I just finished reading a powerful piece in the New Yorker on Modi and the specter of illiberalism that hangs over the Indian subcontinent. I have two thoughts. The first is how eerie the political strategies of the BJP mirror that of the GOP in the U.S. Indeed, the warm reception Modi received from President Trump in Houston appears to be no accident. A Reactionary Internationale is forming, and friends of democracy and progressive politics can no longer sit idly by as our adversaries around the world engage in a systematic assault on the democratic institutions.
The second musing that I will entertain here is how superficially similar the BJP project to reject the special status granted to Kashmir is to the detention of Muslims in Xinjiang, China. In both countries, the stated aim of the repression is to combat state-sanctioned terrorism, but the real aim is to catalyze a grand rejuvenation of national greatness. Revealingly, both states are sponsoring migration of Hindu Indians and Han Chinese to these far-flung provinces to ensure that future generations will be more receptive to direct control by the state without any condition of autonomy.
Even more on the nose, Indian and Chinese leaders—in a strange twist of history—appear to have adopted the paternalistic mentality of their former colonizers. In India, only Hinduism can lift India’s minorities out of backwardness, according to Hindu nationalist organization where Modi got his political start, the RSS. Article 370, granting Kashmir its autonomy, has only stifled economic development and investment and must be lifted. Similarly, Chinese authorities’ brutal response to the terrorist attacks that paralyzed the region in 2008 has a paternalistic rationale. Quelling the violent protests must be achieved by any means necessary, including locking over a million Muslim Uighurs in camps, so as to not jeopardize the prized Belt and Road Initiative.
Both countries are applying the Shock Doctrine—using terrorism as a cover for a particular brand of blood and soil nationalism. That blood and soil nationalism engenders each regime with political legitimacy, but at the price of the norm-governed procedures that protect citizens against arbitrary tyranny. The New Yorker piece is therefore correct to wonder whether the project to Indianize Kashmir will backfire spectacularly Kashmirizing India. To the extent that Modi’s political movement has neutered the independent media and judiciary, engaged in systematic voter suppression of minorities in the Eastern state of Assam by stripping them of citizenship, and incited religious and ethnic animus, Modi’s rise has already Kashmirized India.

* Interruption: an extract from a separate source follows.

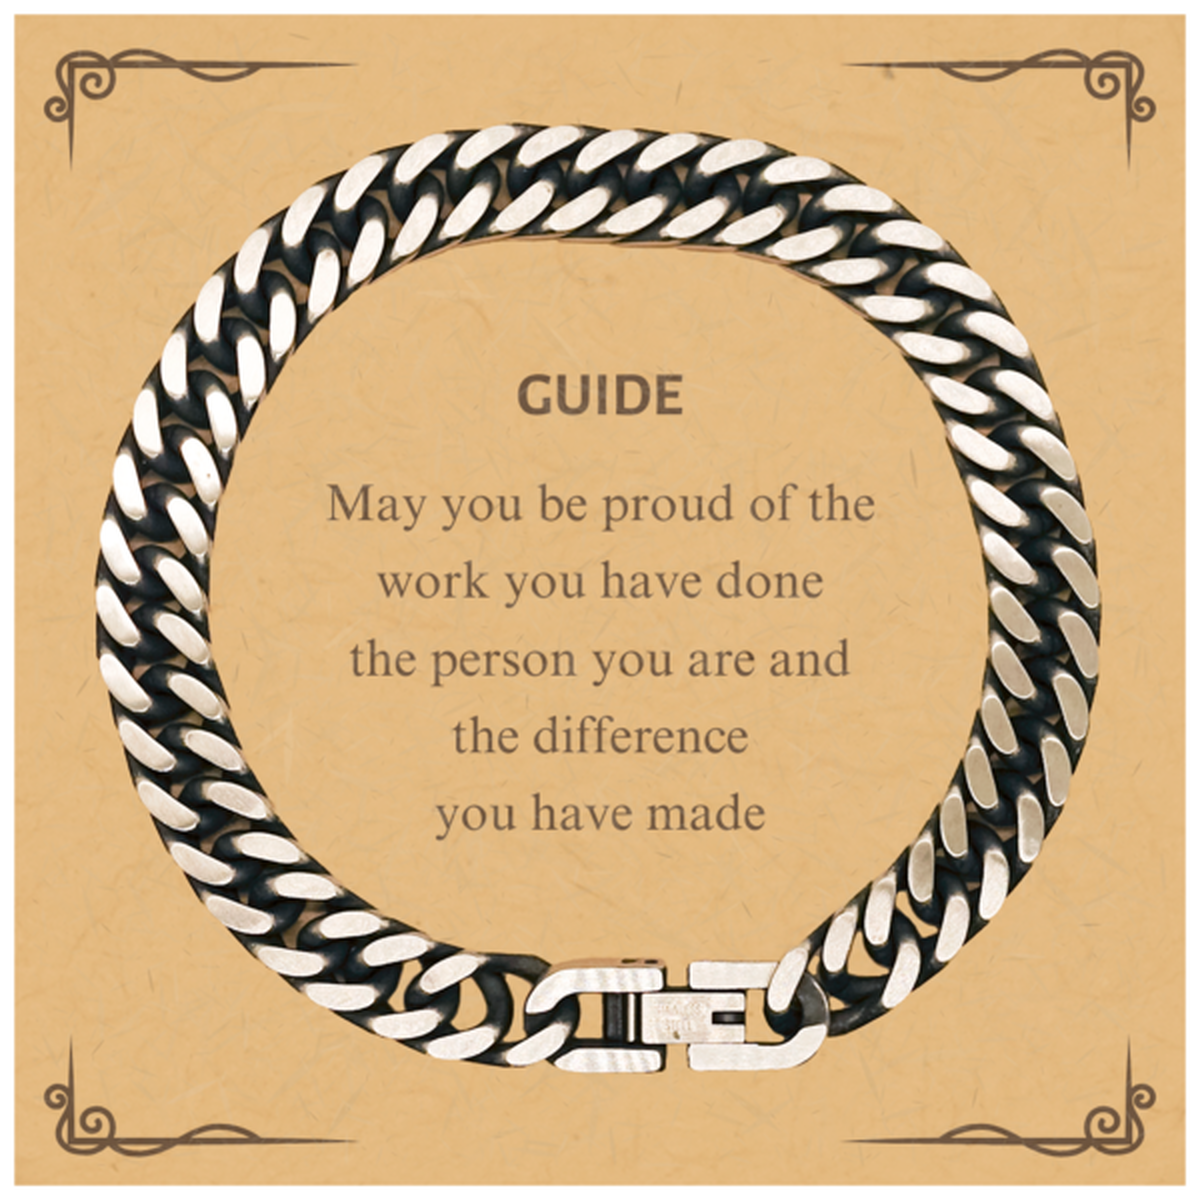 Guide May you be proud of the work you have done, Retirement Guide Cuban Link Chain Bracelet for Colleague Appreciation Gifts Amazing for Guide
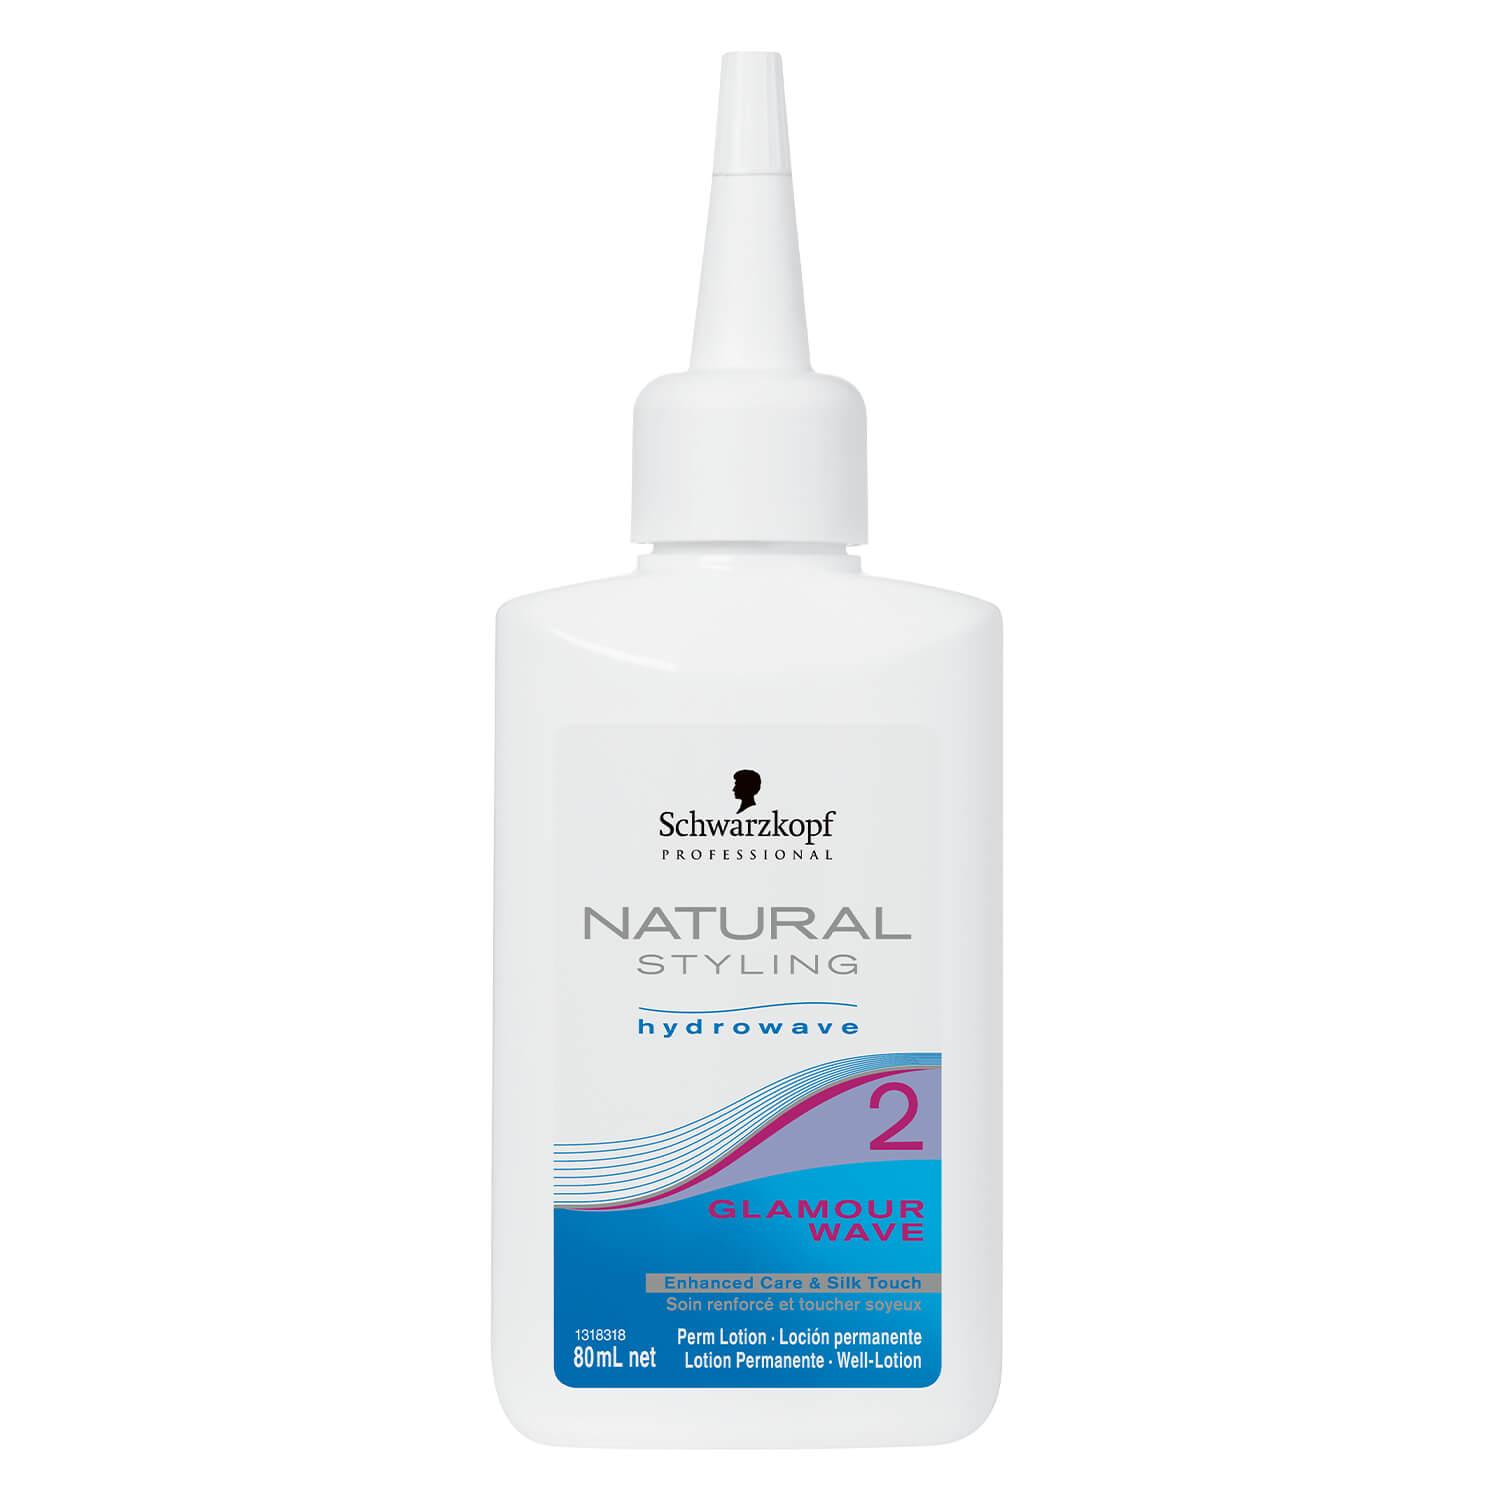 Natural Styling - Hydrowave Glamour Wave 2 Perm Lotion

In these three prongs, Americans can find loud echoes to American politics under Trump. Voter suppression remains a key pillar of the GOP’s 2020 reelection strategy. The disinformation campaigns adeptly pursued by BJP ministers to spread religious and ethnic hatred ring close to home. Critical journalists, like one Muslim woman who uncovered Modi’s role in the Gujarat riots, have to endure abuse from hordes of Twitter mobs. It is worth quoting the frankness of Modi’s deputy, Amit Shah, on the role of these social media networks in the BJP’s election strategy, “We are capable of delivering any message we want to the public —whether sweet or sour, true or fake.”
This realization surely first came to Modi when he was a minister in Gujarat that mobs care little about the veracity behind allegations so long as they align with preexisting worldview. Riding the current of illiberal democracy remaking the world, the BJP realized just how much they can shape that worldview. Independent journalists can no longer publish in India’s legacy publications due to relentless pressure from the BJP.
But perhaps the most salient point of comparison of Modi to Trump is their indifference in the face of great atrocities. Both Trump and Modi have presided over a surge of hate crimes in their countries. Neither leader condemns violent attacks against minorities, instead preferring to remain silent or reserving judgement. As Trump said in the aftermath of Charlottesville, “some very fine people were on both sides.” Their silence is the loudest sound, bringing new relevance to MLK’s famous remark that the opposite of love is not hate, but indifference.
That is why the highest obligation of the progressive Internationale that must emerge in every corner of the world to engage in a coordinated counterassault against the Reactionary Internationale typified in Trump and Modi is to take to heart that injustice anywhere is a threat to justice anywhere. Blood and soil nationalism, wherever it manifests, is always and everywhere a threat to justice because it seeks to exclude the voices of minorities as legitimate representatives of the nation.
As implied in MLK’s famous warning from the Birmingham Jail, the threat to justice is actually more fundamental than that in that the exclusions to minorities set precedents that extend outward affecting every person in every nation. As good progressives, we must climb that proverbial mountain and yell stop—stop to the stripping of rights, stop to the barriers to communication, stop to arbitrary detentions, stop to the unregulated use of social media to incite ugly passions, and stop to the assault against mediating institutions. But stop is not enough, we must offer an alternative that ends the insecurity so many face, breeding fertile ground for these merchants of hate.